Does analyzing employee emails run afoul of the GDPR?

A desire to remain compliant with the European Union’s General Data Protection Regulation (GDPR) and other privacy laws has made HR leaders wary of any new technology that digs too deeply into employee emails. This is understandable, as GDPR non-compliance pay lead to stiff penalties.

analyzing employee emails

At the same time, new technologies are applying artificial intelligence (AI) and machine learning (ML) to solve HR problems like analyzing employee data to help with hiring, completing performance reviews or tracking employee engagement. This has great potential for helping businesses coach and empower employees (and thus help them retain top talent), but these tools often analyze employee emails as a data source. Does this create a privacy issue in regard to the GDPR?

In most cases, the answer is “no.” Let’s explore these misconceptions and explain how companies can stay compliant with global privacy laws while still using AI/ML workplace technologies to provide coaching and empowerment solutions to their employees.

Analyzing employee data with AI/ML isn’t unique to HR

First of all, many appliances already analyze digital messages with AI/ML. Many of these are likely already used by your organization and do not ask for consent from every sender for every message they analyze. Antivirus software uses AI/ML to scan incoming messages for viruses, chatbots use it to answer support emails, and email clients themselves use AI/ML to suggest responses to common questions as the user types them or create prompts to schedule meetings.

Applications like Gmail, Office 365 Scheduler, ZenDesk and Norton Antivirus do these tasks all the time. Office 365 Scheduler even analyzes emails using natural language processing to streamline the simple task of scheduling a meeting. Imagine if they had to ask for the user’s permission every time they did this! HR technologies that do something similar are not unique.

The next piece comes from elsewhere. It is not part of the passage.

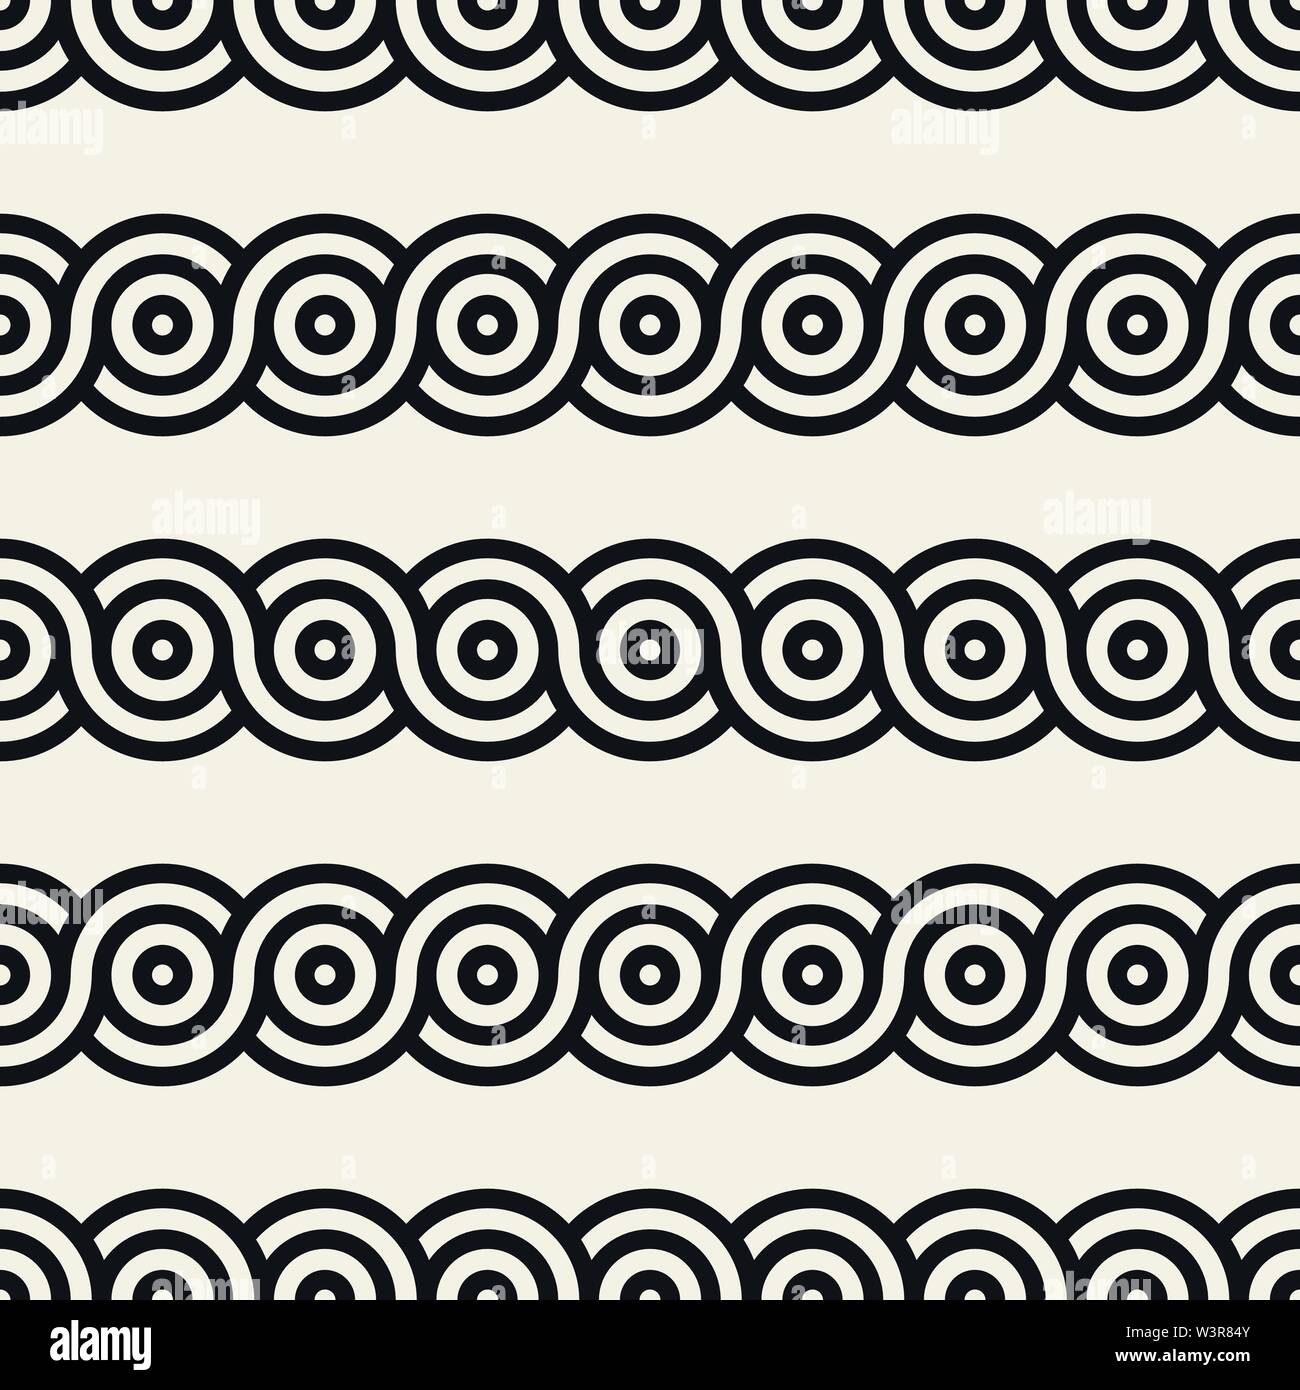 Vektor nahtlose interlacing Linien Muster. Modernes, stilvolles Abstrakt Hintergrund. Wiederkehrende geometrische Streifen Design. Stock Vektor

Employers also process employee’s personal data without their consent on a daily basis. Consider these tasks: automatically storing employee communications, creating paperwork for employee reviews or disciplinary action, or sending payroll information to government agencies. Employees don’t need to give consent for this. That’s because there’s a different legal basis at work that allows the company to share data in this way.

Companies do not need employee consent in this context

This isn’t an issue because the GDPR offers five alternative legal bases pursuant to which employee personal data can be processed, including the pursuit of the employer’s “legitimate interests.” This concept is intentionally broad and gives organizations flexibility to determine whether its interests are appropriate, regardless of whether these interests are commercial, individual, or broader societal benefits, or even whether the interests are a company’s own or those of a third party.

GDPR regulations single out preventing fraud and direct marketing as two specific purposes where personal data may be processed in pursuit of legitimate interest, but there are many more.

These “legitimate interest” bases give employers grounds to process personal data using AI/ML applications without requiring consent. In fact, employers should avoid relying on consent to process employee’s personal data whenever possible. Employees are almost never in a position to voluntarily or freely give consent due to the imbalance of power inherent in employer-employee relationships, and therefore the consents are often invalid. In all the cases listed above, the employer relies on legitimate interest to process employee data. HR tools fall into the same category and don’t require consent.

A right to control your inbox

We’ve established that employers can process email communication data internally with new HR tools that use AI/ML and be compliant with the GDPR. But should they?

Here is where we move from legal issues to ethical issues. Some companies that value privacy might believe that employees should control their own inbox, even though that’s not a GDPR requirement. That means letting employees grant and revoke permission to the applications that can read their workplace emails (and which have already been approved by the company). This lets the individual control their own data. Other organizations may value the benefits of new tools over employee privacy and may put them in place without employees’ consent.

I have seen some organizations create a middle ground by making these tools available to employees but requiring them to opt in to use them (rather than installing them and giving employees the option to opt out, which puts an extra burden on them to maintain privacy). This can both respect employee’s privacy and allow HR departments to use new technologies to empower individuals if they so choose. This is more important than ever in the new era of widespread work from home where we have an abundance of workplace communication and companies are charting new courses to help their employees thrive in the future of work.

Fully understanding compliance around new AI/ML tools is key to effectively rolling them out. While these solutions can be powerful and may help your employees become more self-aware and better leaders, organizations should fully understand compliance and privacy issues associated with their use in order to roll them out effectively.